There’s so much we still don’t know about the prescription opioid problem. The partial remedies advanced so far reflect this:

  • Prescription Drug Monitoring Programs, which in essence define the problem as doctor-shopping patients;
  • treatment guidelines, which define the problem as doctors without expertise; and
  • crackdowns on “pill-mills,” which see the issue as physician corruption. Each of these diagnoses has an element of truth, but not necessarily enough to make the treatments effective.

One huge part of the problem has gotten far too little attention: the pharmaceutical supply chain where all these drugs start and along which they are distributed. Now, John Coleman, a former DEA officer, has given us a thorough and compelling primer on the supply chain, describing it and showing where the pressure points are for action. He is not happy about what he sees: DEA is overwhelmed, and too secretive with its data;  and the distributors are too interested in profits and far too unwilling to police paying customers. But he also sees room for action and even hope. This article is well worth a read if you are interested in the overdose problem and how to solve it:

Coleman, John J. “The Supply Chain of Medicinal Controlled Substances: Addressing the Achilles Heel of Drug Diversion.” Journal of Pain and Palliative Care Pharmacotherapy 26, no. 3 (2012): 233-50.

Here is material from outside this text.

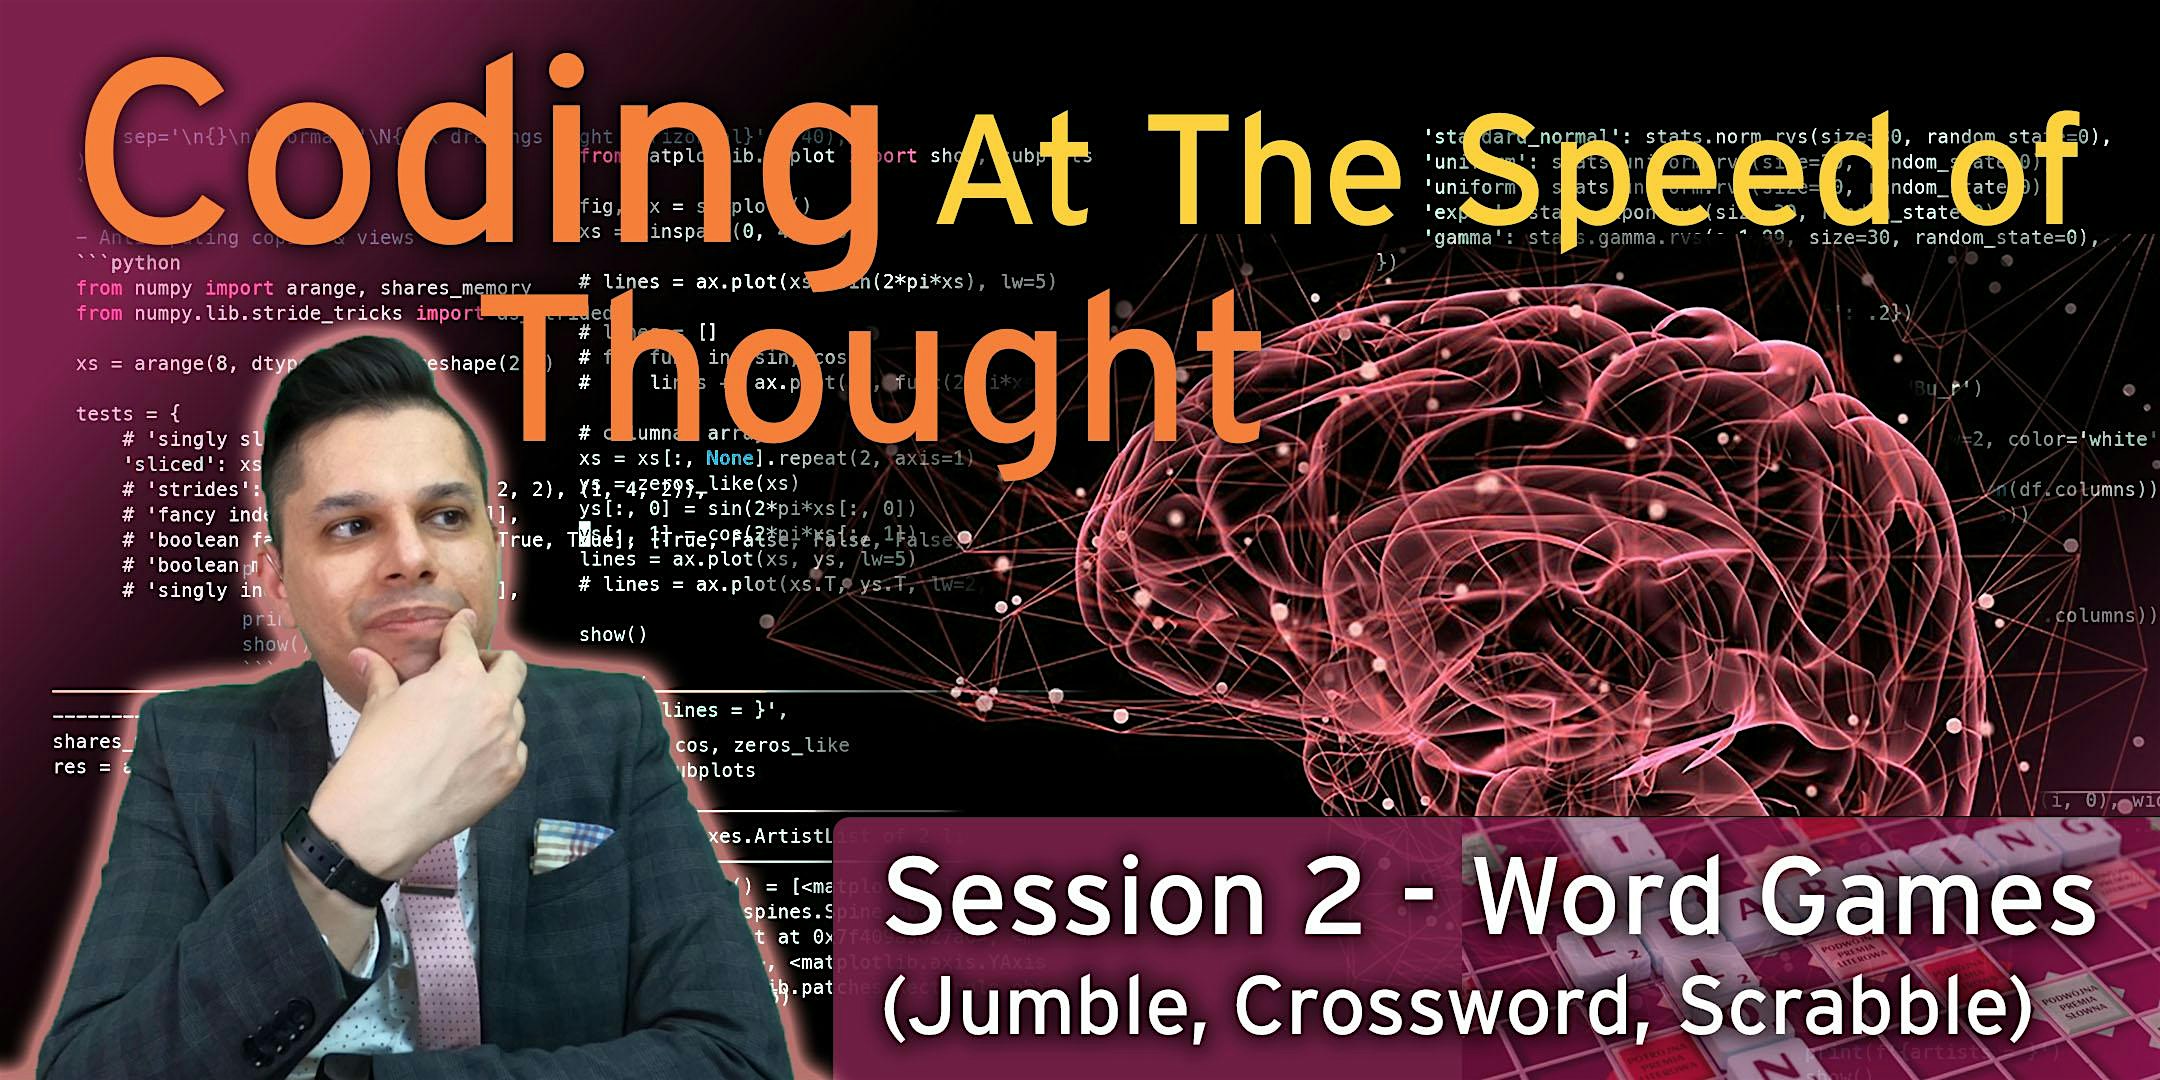 THU, MAY 19, 2022 - Coding at the Speed of Thought ② Jumble, Crossword, Scrabble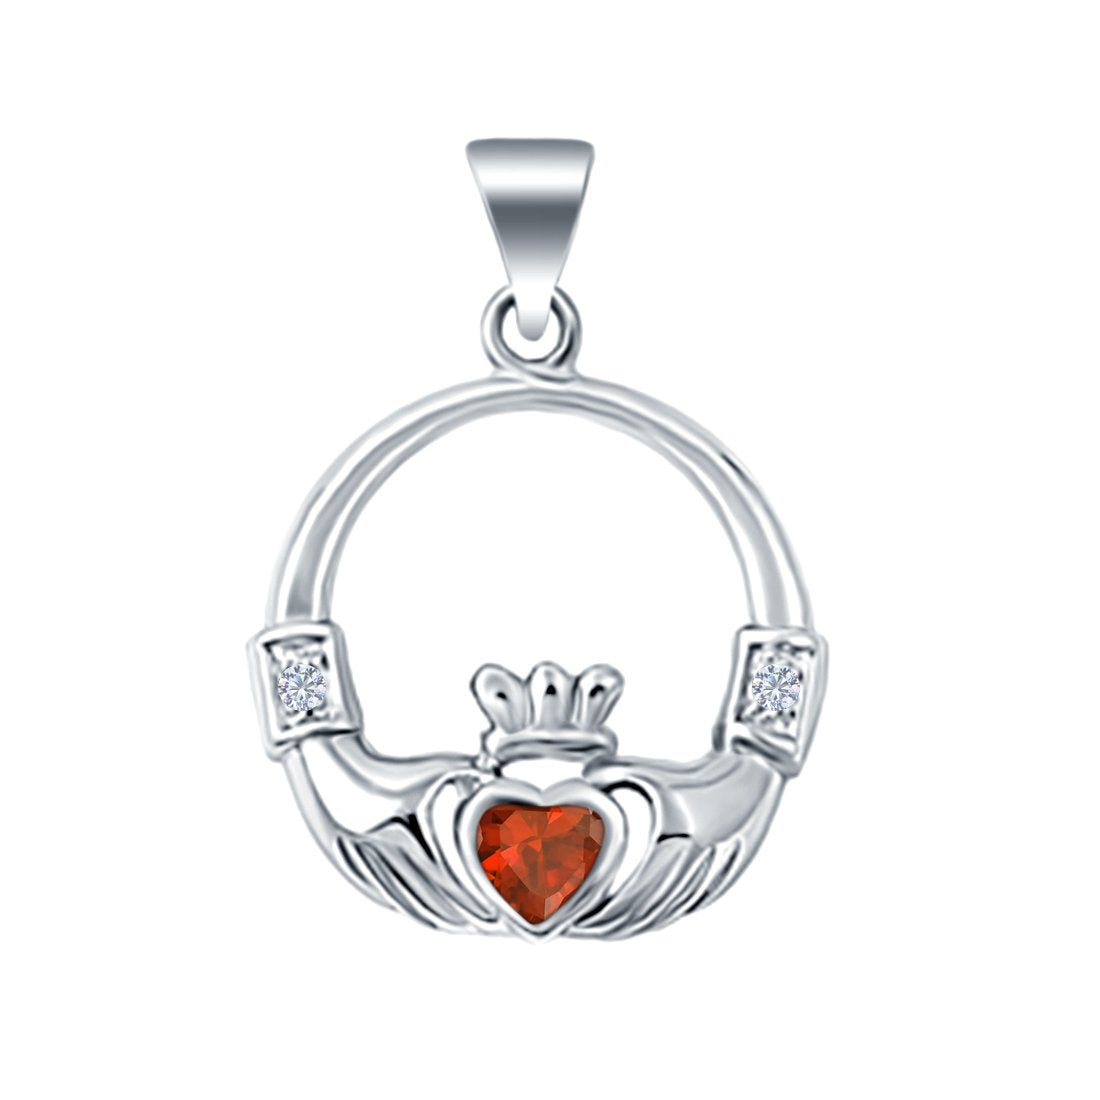 Silver Claddagh Charm Pendant Heart Simulated Cubic Zirconia 925 Sterling Silver (23mm)

P.S. — One of the hopeful signs he sees was Florida’s legislation beefing up state-level monitoring and controls. This takes me back to the successful Wisconsin Cancer Pain Initiative in the 70s and 80s, which articulated the Principle of Balance in drug control and demonstrated that it was possible to have good access to pain medicine and effective control. In those days, David Joranson, the state drug controller, worked closely with DEA, using state regulatory authority to shut down docs and pharmacies who were acting outside the law. The possibility of history repeating itself is a ray of sunlight in the cloudy skies of this issue. (If you are interested in the story, here’s one place to start: Joranson, D., and J. L. Dahl. “Achieving Balance in Drug Policy: The Wisconsin Model.” In Advances in Pain Research and Therapy, edited by CS Hill Jr. and WS Fields. 197-204. New York: Raven Press, 1989.)